I grew up 10 years after this, and have sat on mock juries for insurance cases and analyzing accident scenes. This leads me quickly to the point that they were under fire "from both banks" on a canal as wide as a four-lane highway. So they both (all) beach on the same side? leaving their guns facing away from half their attackers - or at least a portion of them? With nothing but rilfes to aim back, the VC wouldn't have one measley RPG, etc to shoot from the opposite bank into the back of the boats? Doesn't pass the smell test for that particular detail - for either ambush site. Smells like Rood goes hunting for deer the same way Kerry does - shotgun, camo, slithering on the ground to sneak up on the deer...

Posted by: PEBSTR at August 22, 2004 09:32 PM

While I have zero personal knowledge of Silver Stars and combat Vs, I posed the question to a friend whose Dad has a rather substantial collection of metal on his chest. Her response was, "I know it exists." I was a bit taken aback for a moment, then a bulb dawned overhead and I asked, "Why? Does you Dad have one?" She replied in the affirmative.

She's no Kerry fan. Quite the opposite.

So there's a suggestion that the V is a blind alley... unless they weren't awarded that way in the time span in question. (The one she refers to would have been a lot more recent, not sure of the details, maybe Iraq 1.)

Posted by: Dan S at August 23, 2004 01:07 AM

Do we know that Kerry actually killed the VC he was chasing? The accounts indicate that gunfire "was heard," Kerry appeared with an RPG, and said he'd killed the guy. The RPG might not have been functioning which could explain why the VC never fired it in the first place and he might have dropped it.

Anything to that?

Posted by: Lewis at August 24, 2004 11:23 PM

Excellent post and comments! I wish the press would talk to some soldiers like you guys, for background info.

A couple of questions:

1. Just how many Bronze and Silver Stars got awarded ? Were there any skippers who *didn't* get one every couple of months?

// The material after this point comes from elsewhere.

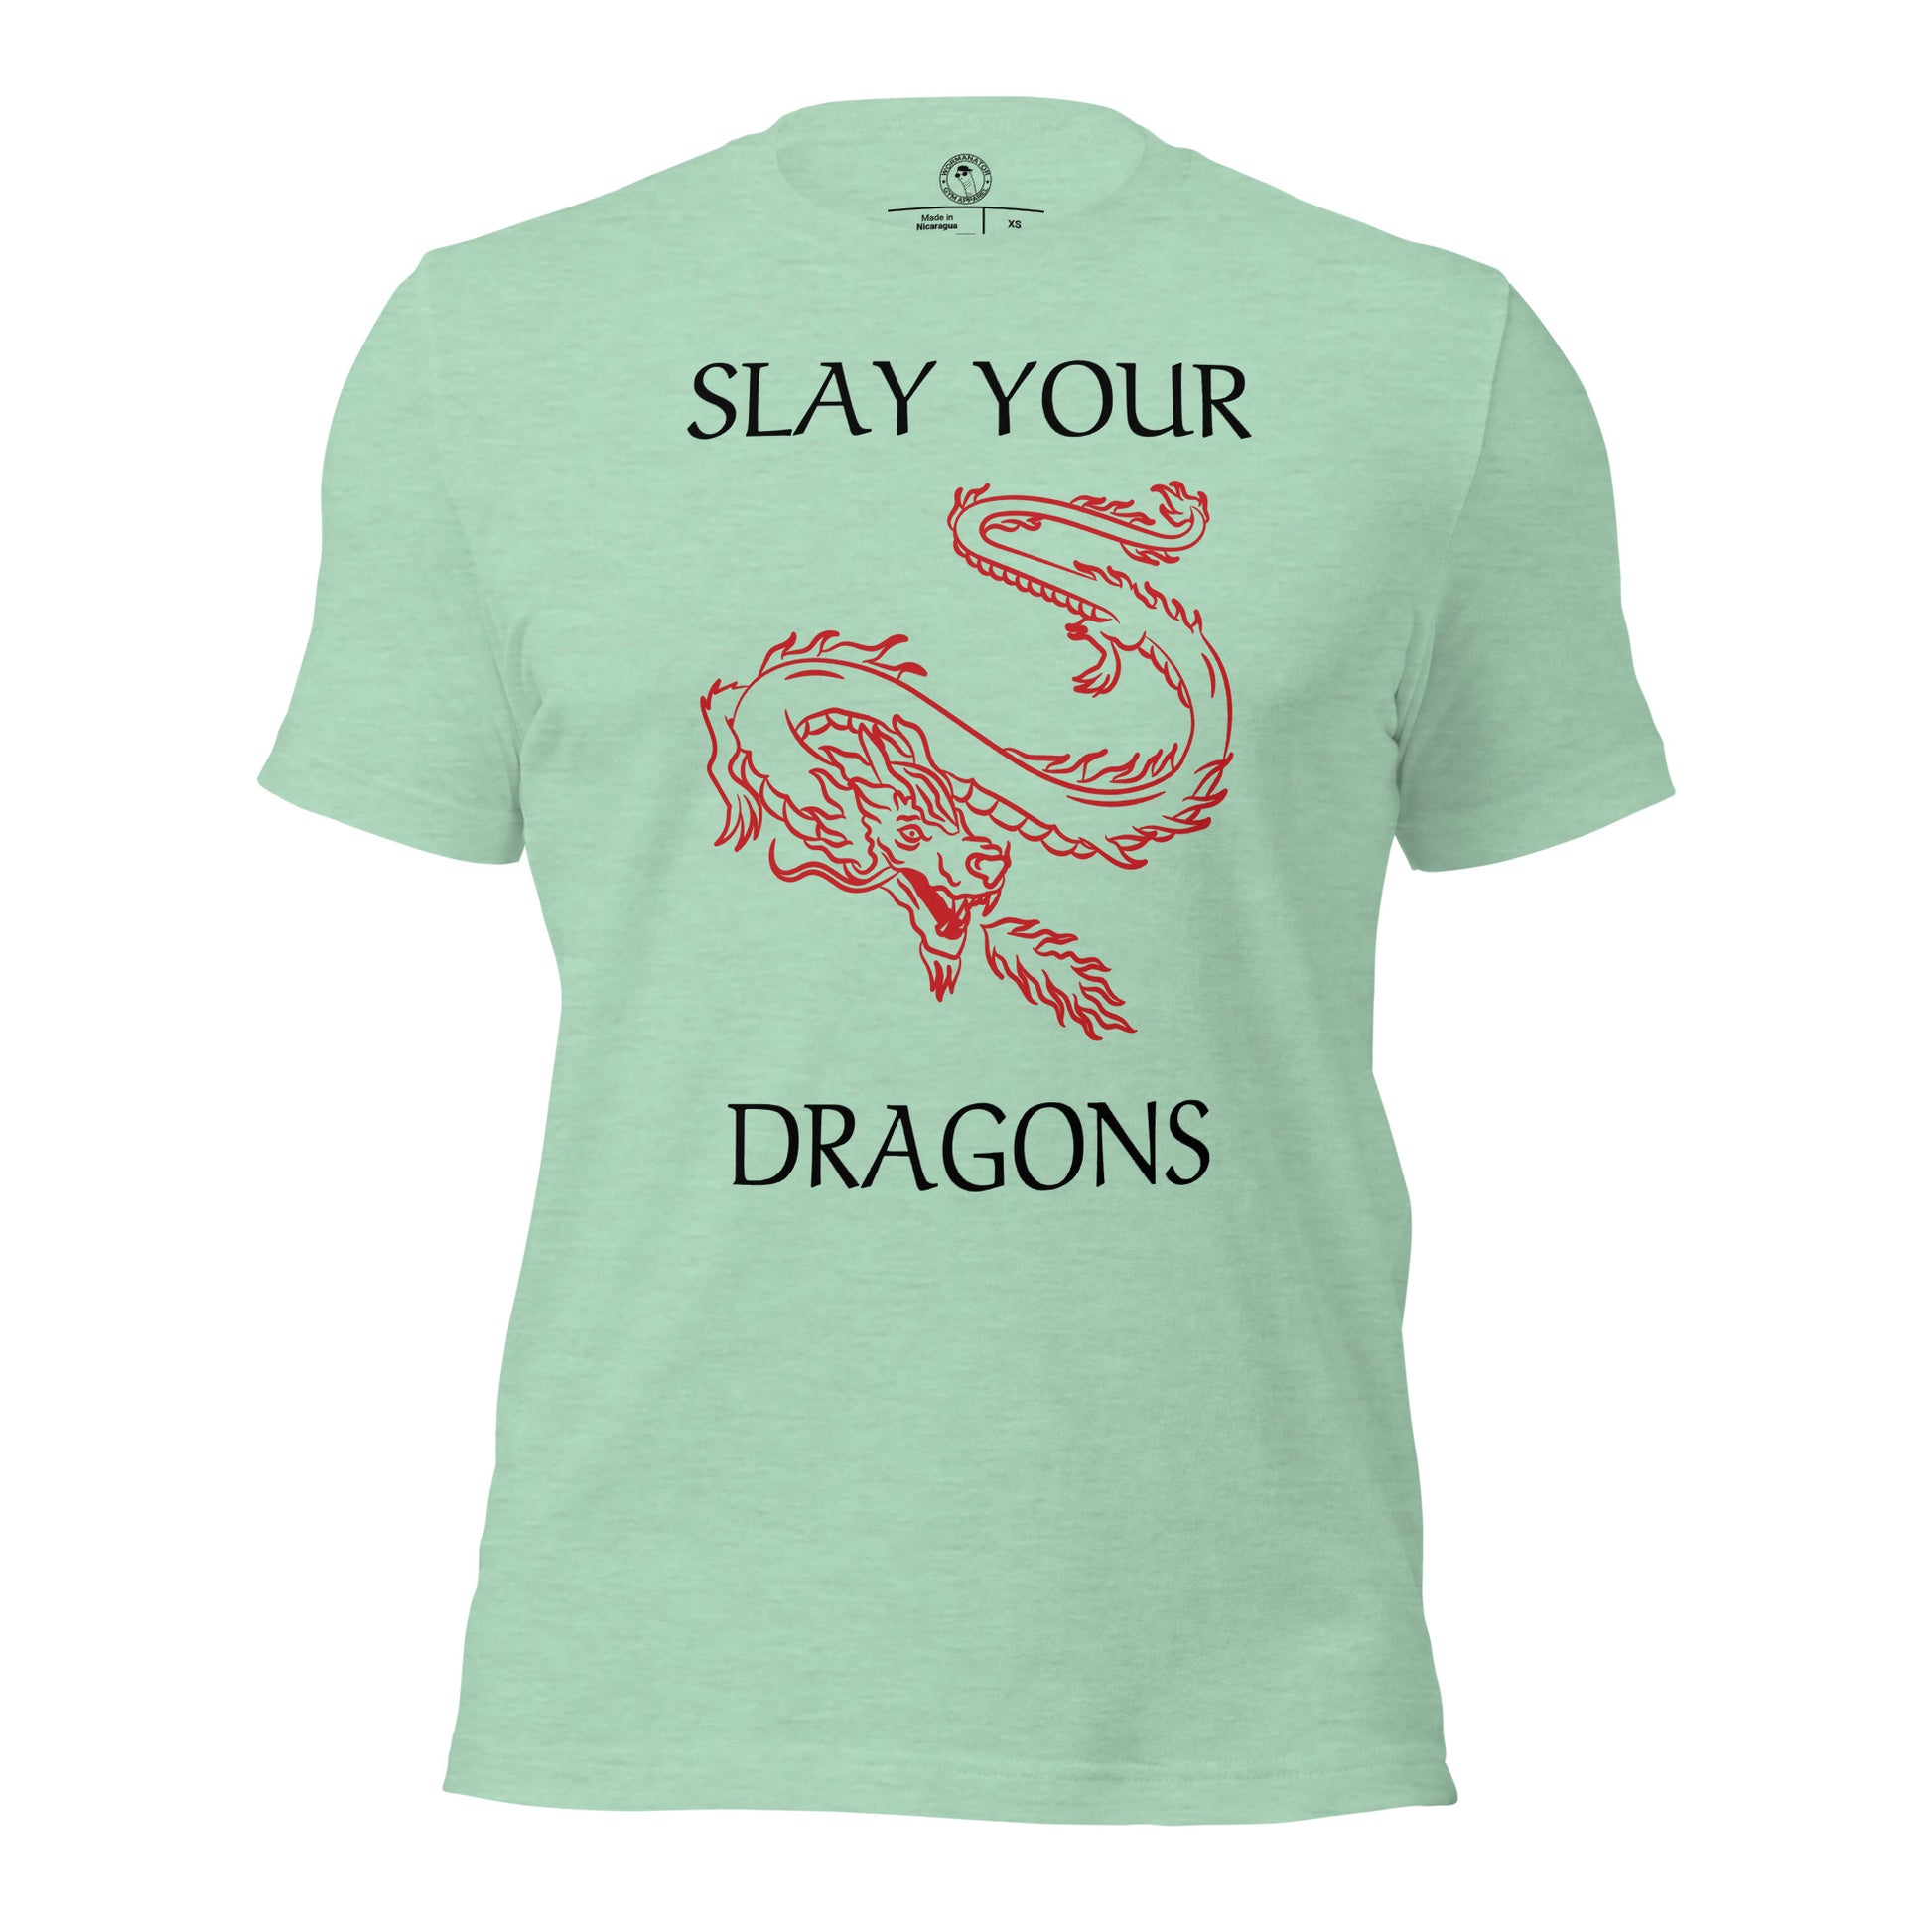 Slay Your Dragons Shirt in Heather Prism Mint

2. Rood received a Bronze Star for the same operation Kerry got a Silver Star. Doesn't this undermine his credibility as a witness against the charge that Kerry wrote up the operation falsely to get medals? Is it possible that each was the corroborating witness for the other?

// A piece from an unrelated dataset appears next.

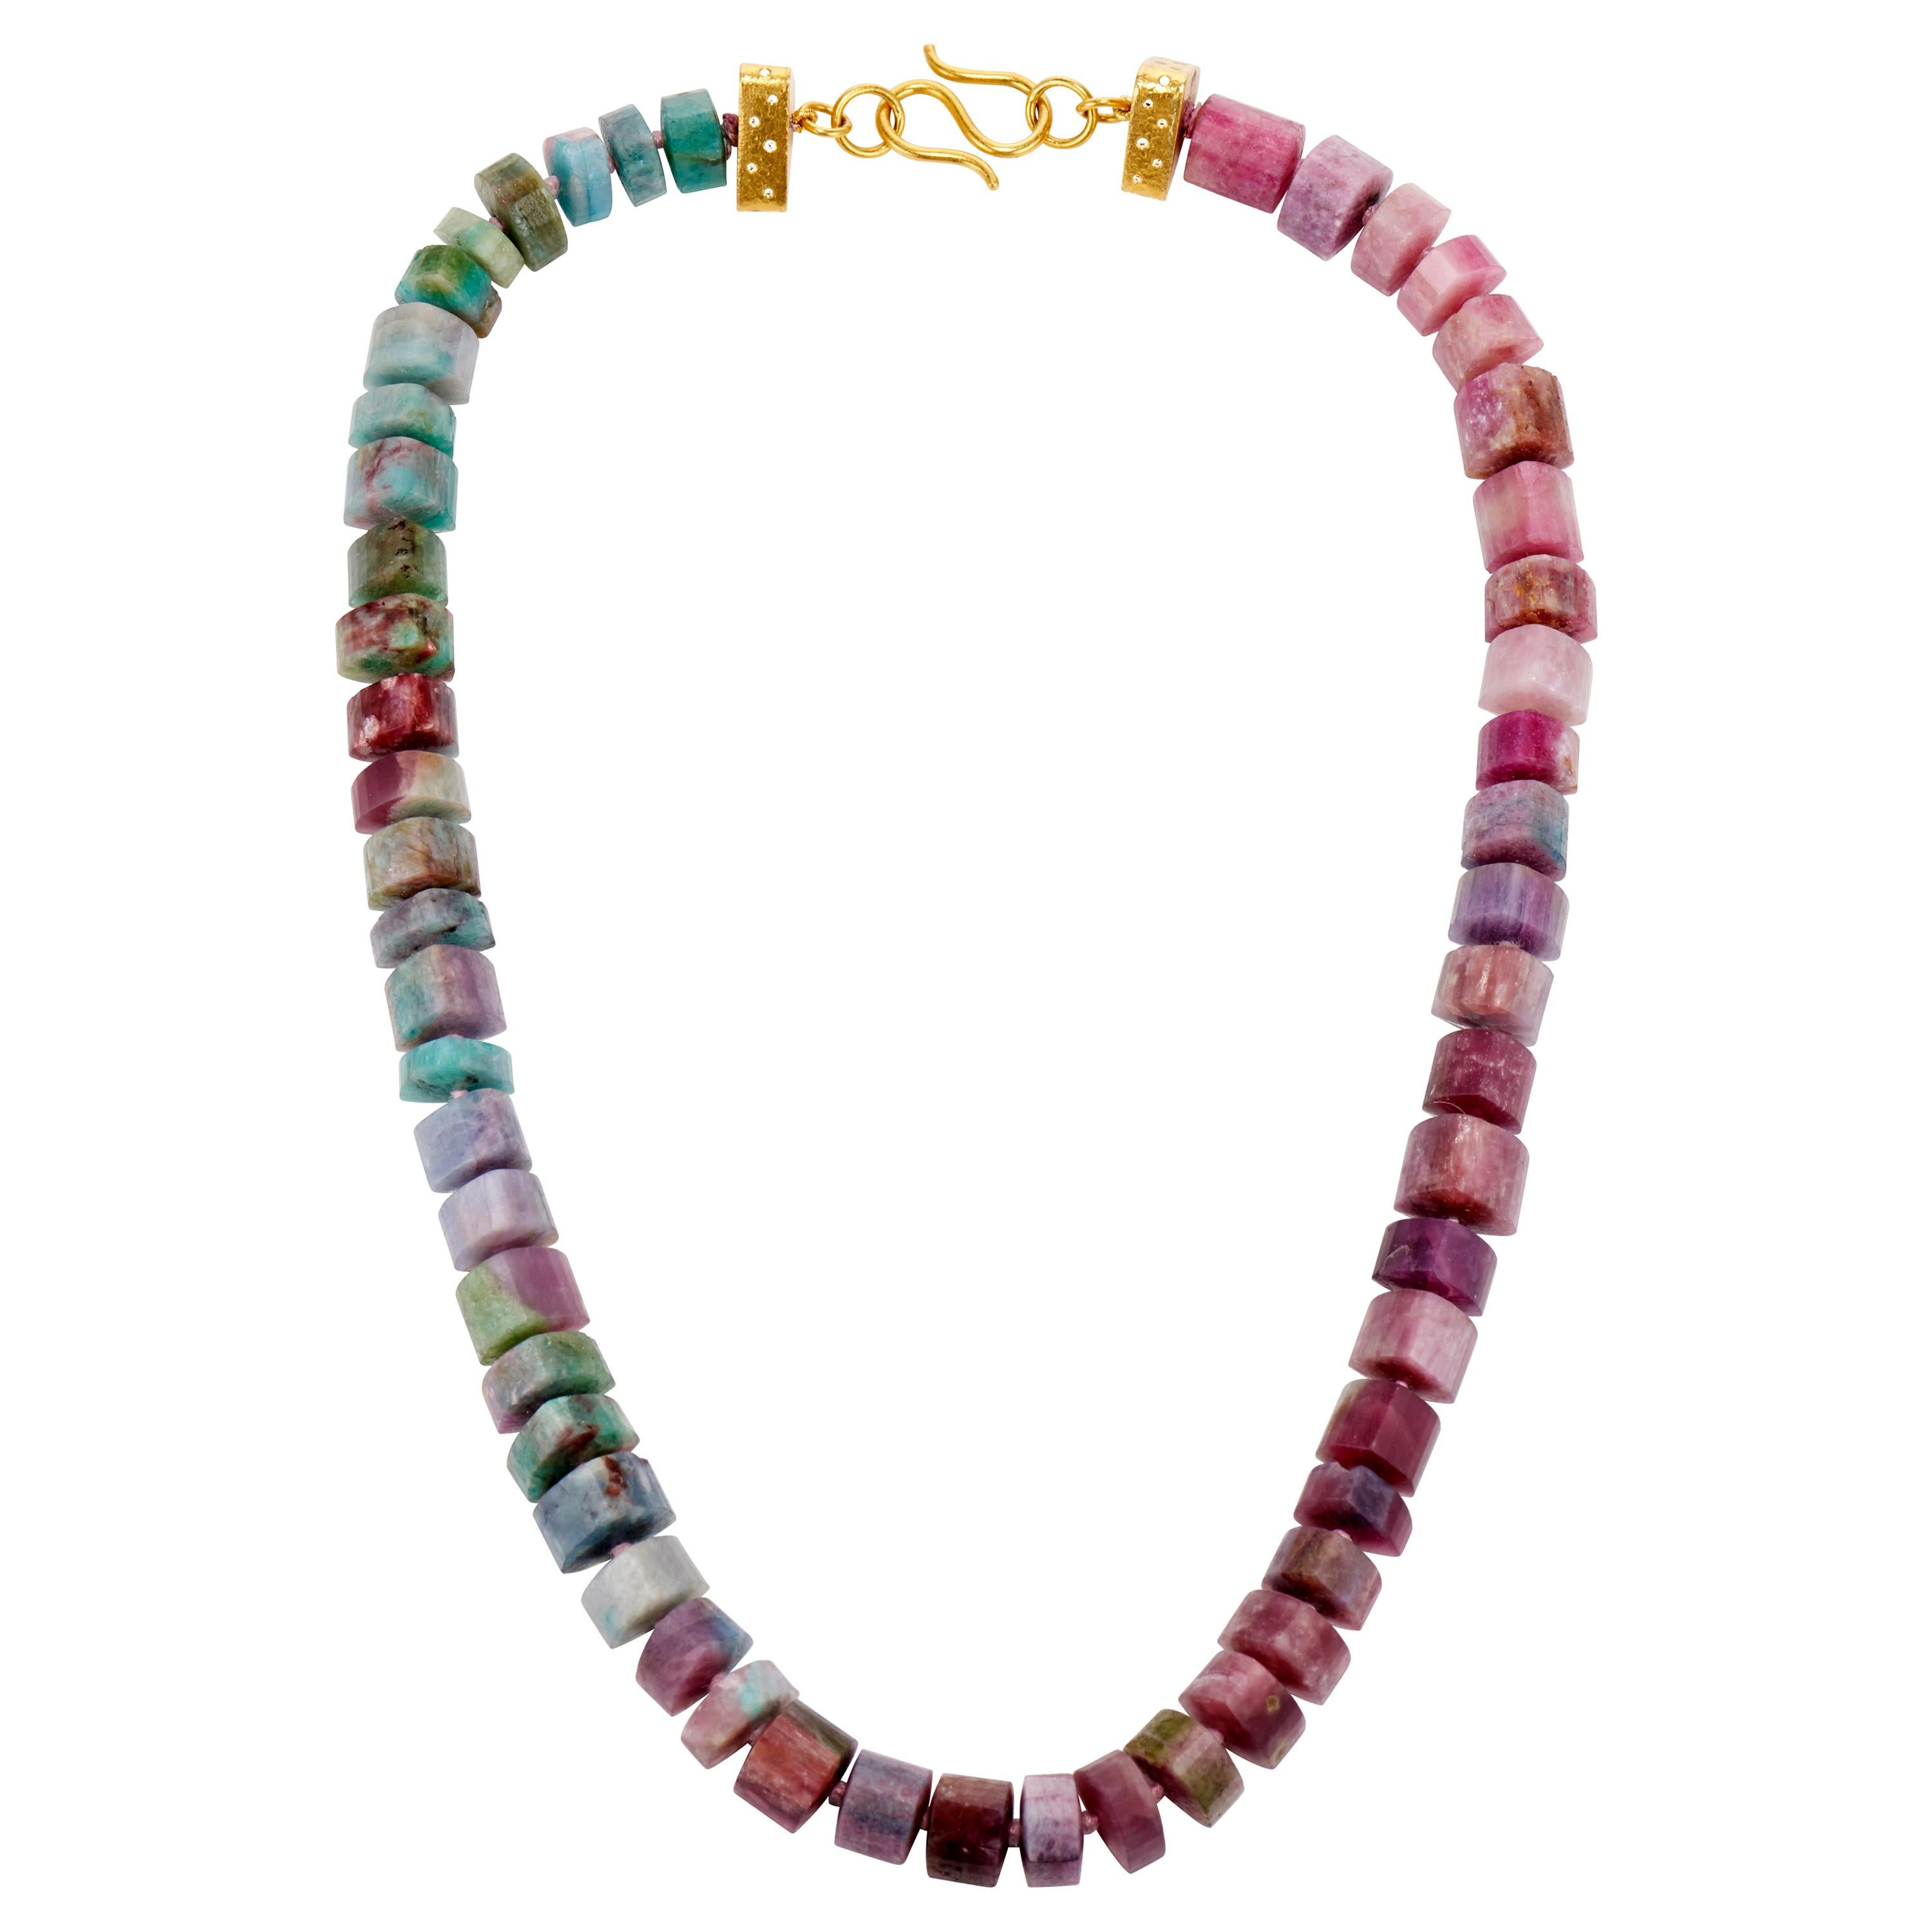 Multicolored beaded necklace

Posted by: Eric Rasmusen at August 25, 2004 09:58 AM

Forget the Medals arguments! Look at John Kerry from this perspective.

What I want to know is how John Kerry will answer the POW's who are shown on the link below. (These are NOT Swift Boat people, but they were pilots who were shot down and captured).

Please join us in viewing and then passing on the upcoming documentary link to all Veterans and every decent American that you know.

The TOTAL TRUTH about Hanoi John Kerry as told by POW's who suffered the Hell that resulted from his lies.

Awesome Film Clips of Stolen Honor. The Truth about John Kerry.

Posted by: leaddog2 at August 27, 2004 01:37 AM

Yes, a body was seen. Kerry DID kill one VC that day. No mystery about that.

It was the 23 boat (Rood's) that beached first, not the 43 boat (Droz's).

Much is made, here and elsewhere, about the wisdom of beaching the boat(s) that day. In my view, it was the thing to do in those circumstances.

The .50cal on Kerry's boat was quite useful, but not for shooting the VC that was literally right next to the boat.